Tenant Improvement Allowances: Stabilized at $132 psf for both trophy and Class A properties, with 12 and 11 months of free rent, respectively.
Colliers
(Source: NYC Q2 2024 Manhattan Office Report | Colliers)
The overall availability rate for Manhattan office space is 17.9%, a slight decrease from the previous quarter but a small increase from June 2023. The total available supply has grown by 79.5% since March 2020, reaching 96.66 million square feet. Sublet availability has also decreased by 0.25 million square feet in the quarter, yet sublet inventory is still 71.7% higher than in March 2020, totaling 20.44 million square feet. Large blocks of space over 250,000 square feet saw a decrease in the number of listings from 39 to 36 compared to Q1 2024, though this number is significantly higher than the 15 listings in Q1 2020.
Free Rent:
- The year-to-date weighted average rental abatement period for new deals and expansions in 2024 was 13.6 months, compared to 15.4 months for the full-year average in 2023.
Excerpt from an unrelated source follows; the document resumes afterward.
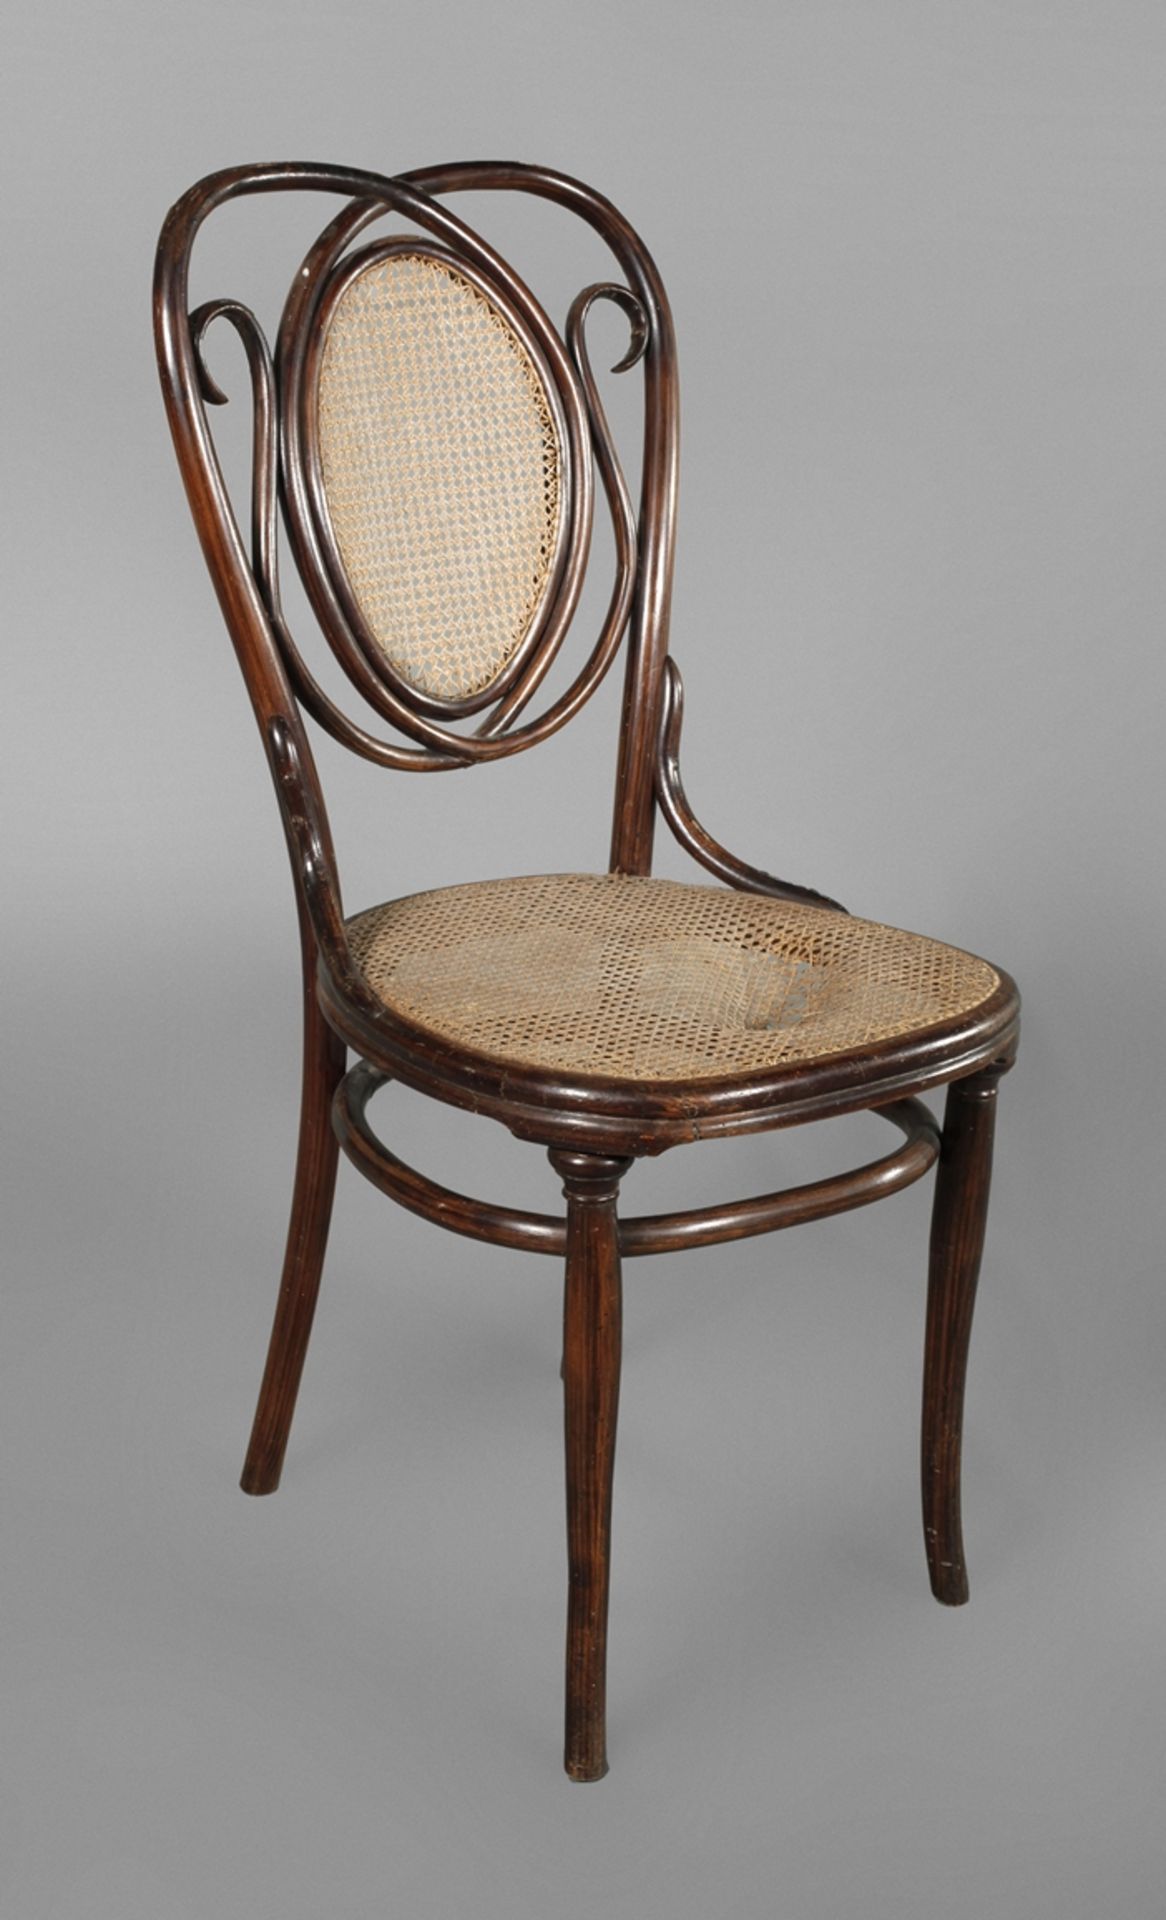 Early Thonet chair, model no. 22

- For renewals, the average abatement period was reduced to 11.2 months, compared to 11.9 months for the full-year average in 2023.
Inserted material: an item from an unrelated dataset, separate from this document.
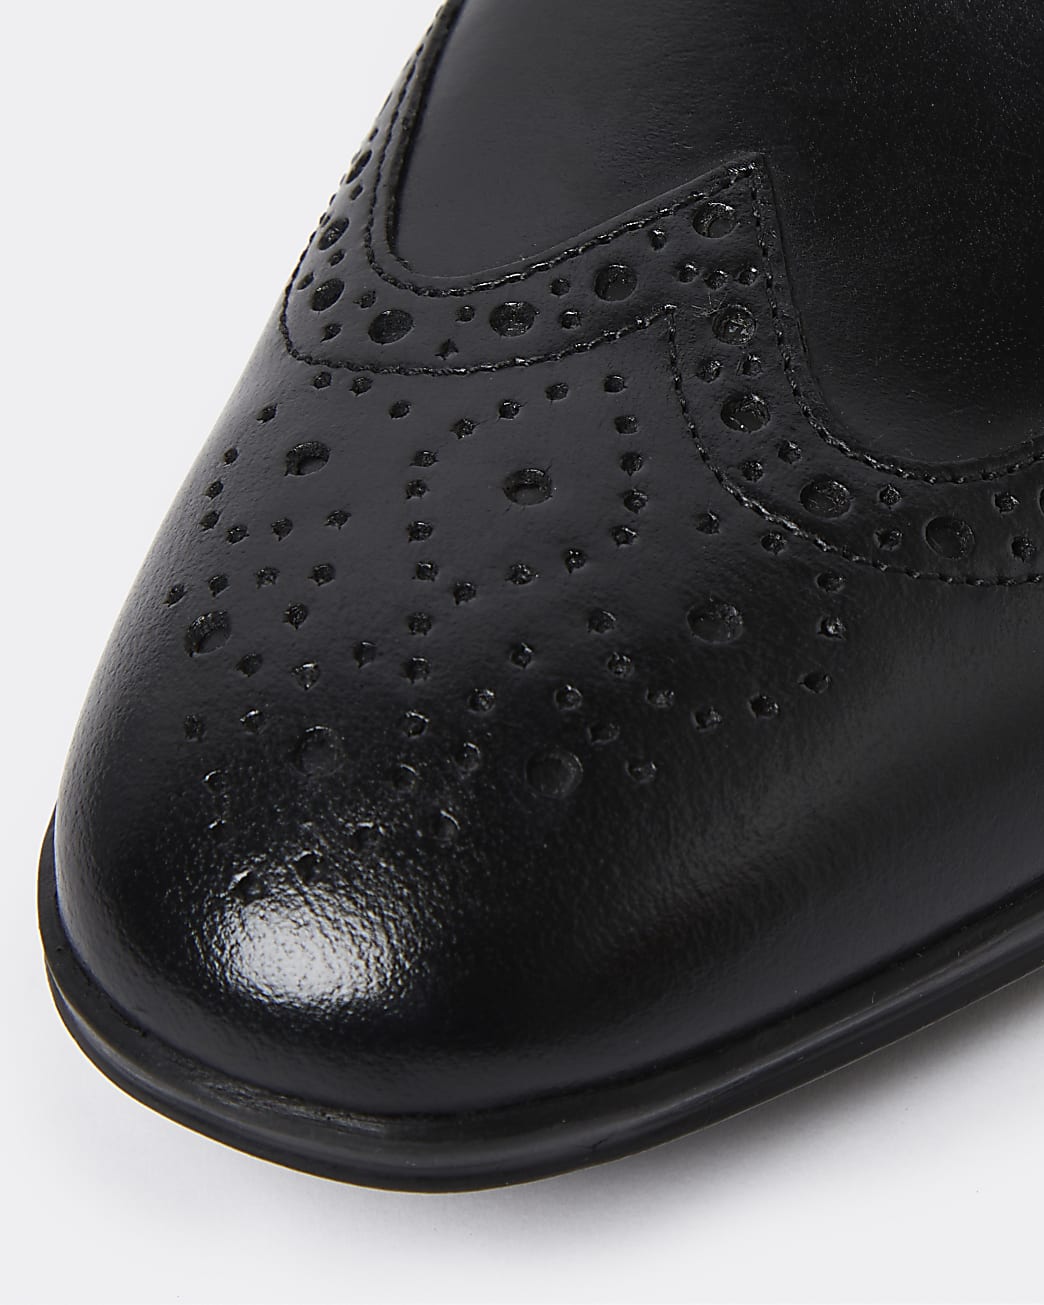 RIVER ISLAND BLACK LEATHER LACE UP BROGUE DERBY SHOES

Tenant Improvement (TI) Allowances:
- The year-to-date average TI allowance for new deals and expansions in 2024 was $132.57 per square foot, which is 4.1% below the full-year 2023 average of $138.30 per square foot.
- For renewals, the year-to-date average TI allowance was $88.59 per square foot, an 11.8% decrease from the full-year 2023 average of $100.45 per square foot. However, this is still higher than the 2022 average of $70.09 per square foot
Overall Asking Rent:
- The average asking rent decreased for the fourth consecutive quarter by 0.3% during Q2. This decline was mainly due to below-average priced large blocks of space added to the available inventory, the leasing or withdrawal of above-average priced blocks of space, and instances of lower repricing across the market.
- The asking rent average was reduced by 1.5% year over year and was 6.6% below the March 2020 average.
Newmark
(Source: NYC Office Market Overview (nmrk.com))
Manhattan Overall Availability dropped by 10 basis points quarter-over-quarter to 19.4%. Free rent and work allowance deal concessions remain elevated but appear to be stabilizing.
Marcus & Millichap
(Source: New York City Office Market Report (marcusmillichap.com))
Vacancies:
- Manhattan: The report notes a decline in vacancy rates, particularly in Midtown Manhattan, where the local vacancy fell by 100 basis points year-over-year, despite increased office deliveries. The overall marketwide vacancy rate eased to 17.2%.
- Forecast: Despite notable space relinquishments in the first quarter, the metrowide vacancy rate is projected to end 2024 in line with the trailing three-year average of 17.1%.
Asking Rents:
Class A Spaces: The report indicates a sharper decline in asking rents for Class A spaces, which fell by 6.8% year-over-year, more than double the decline rate for Class B/C spaces.
Savills
(Source: Savills | Manhattan Q2 2024 Office Report)
JLL
(Source: New York Office Market Dynamics | Q2 2024 | JLL Research)
Vacancy Rates and Availability:
- Total Vacancy Rate: Stands at 17.0%, showing a downward trend.
- Sublease Space: Overall, sublease space availability decreased by 16% quarter-over-quarter.
- Class B Buildings: Despite a significant reduction in Class B inventory due to conversions, the Class B vacancy rate continues to trend upward, highlighting a persistent “flight-to-quality” trend where tenants prefer higher-quality spaces.
CBRE
(Source: Manhattan Office Figures Q2 2024 | CBRE)
The overall vacancy rate in Manhattan remained stable from the previous quarter at 15.7%, but this is up slightly from 15.6% a year ago.